Strongly typed access to csv in scala?

2020-02-23 03:17发布

问题:

I would like to access csv files in scala in a strongly typed manner. For example, as I read each line of the csv, it is automatically parsed and represented as a tuple with the appropriate types. I could specify the types beforehand in some sort of schema that is passed to the parser. Are there any libraries that exist for doing this?

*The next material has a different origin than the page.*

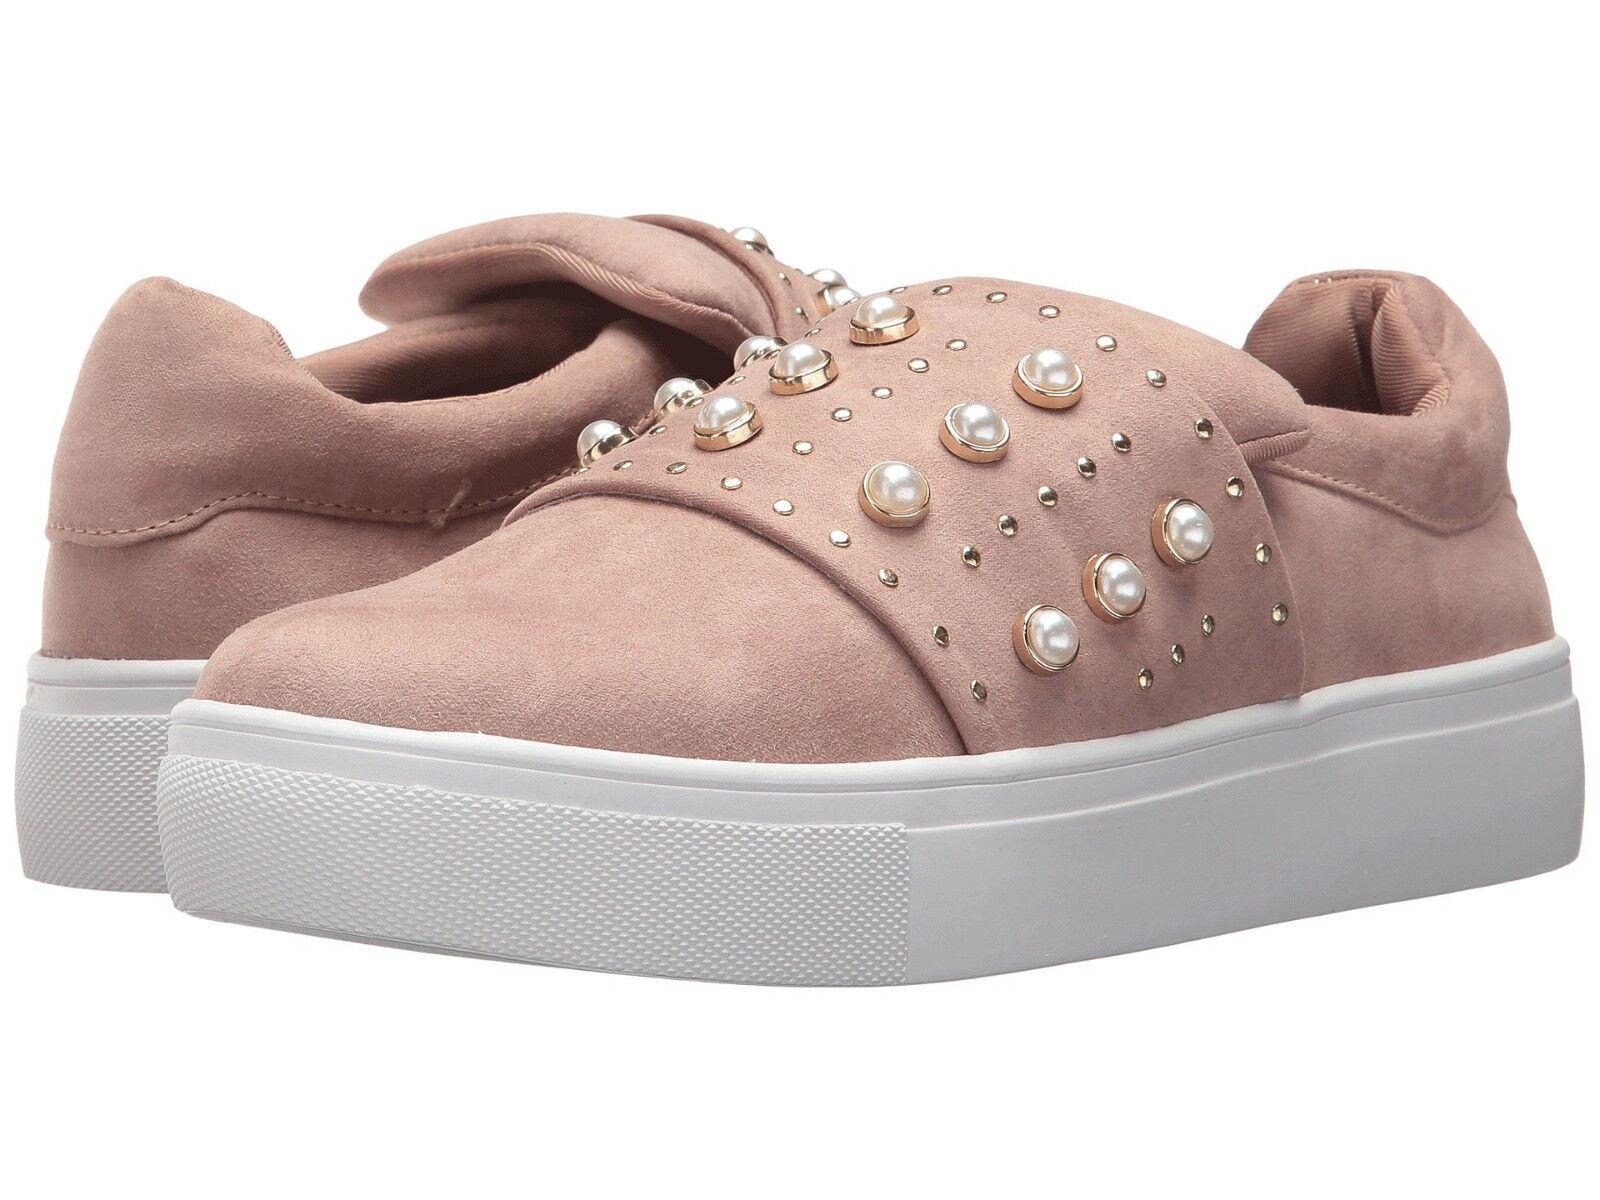 NIB Steve Madden Women's Deylin Studded Fashion Sneakers in Blush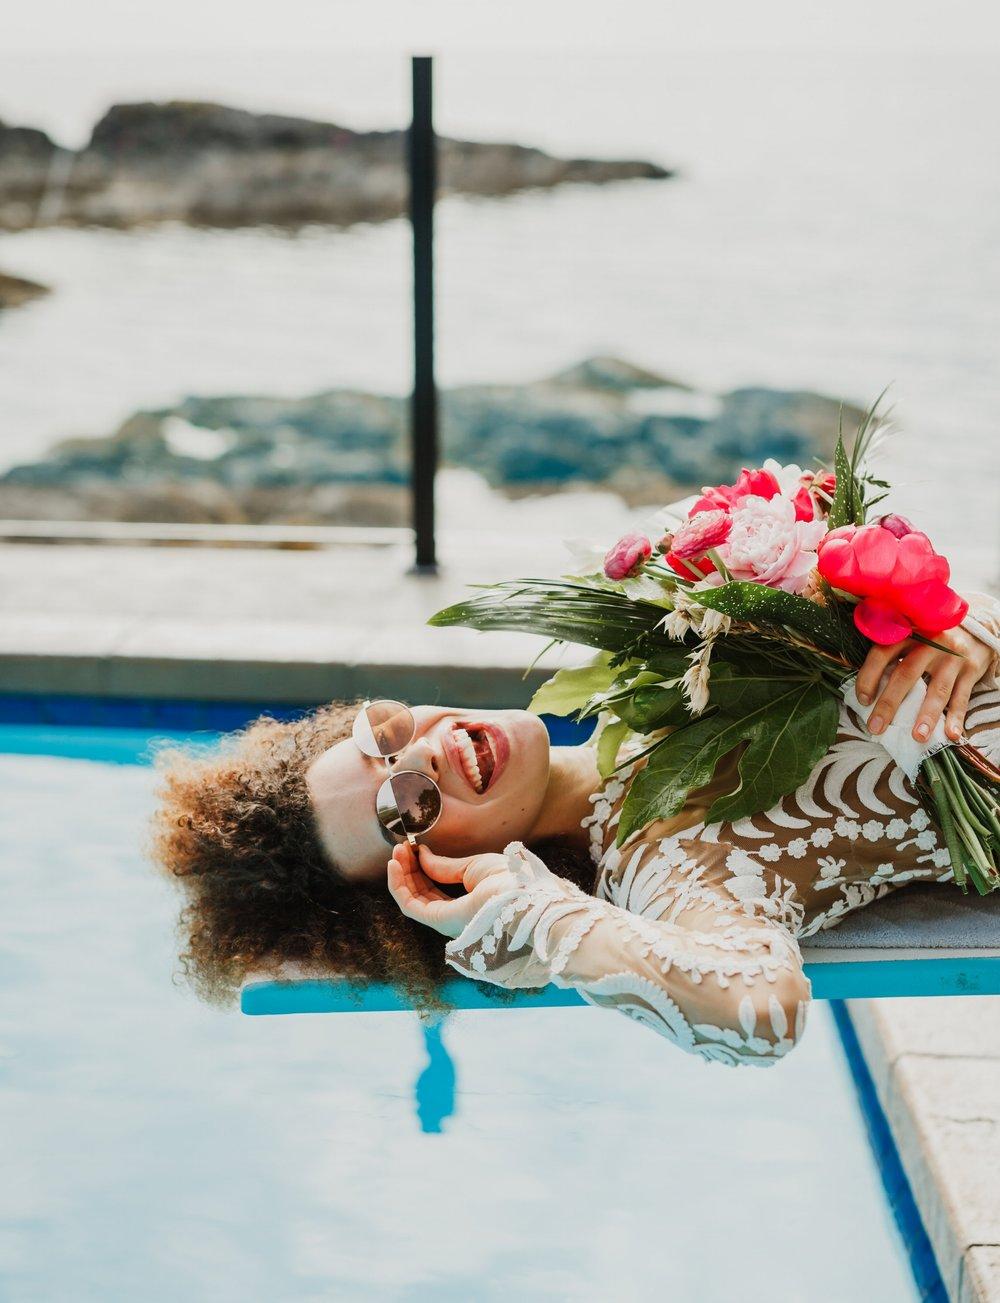 West Coast Bride - Vancouver Wedding Photographer & Videographer - Sunshine Coast Wedding Photos - Sunshine Coast Wedding Photographer - Jennifer Picard Photography - IMG_6527.jpg

If not, how could I go about implementing this functionality on my own?

回答1:

product-collections appears to be a good fit for your requirements:

scala> val data = CsvParser[String,Int,Double].parseFile("sample.csv")
data: com.github.marklister.collections.immutable.CollSeq3[String,Int,Double] = 
CollSeq((Jan,10,22.33),
        (Feb,20,44.2),
        (Mar,25,55.1))

product-collections uses opencsv under the hood.

A CollSeq3 is an IndexedSeq[Product3[T1,T2,T3]] and also a Product3[Seq[T1],Seq[T2],Seq[T3]] with a little sugar. I am the author of product-collections.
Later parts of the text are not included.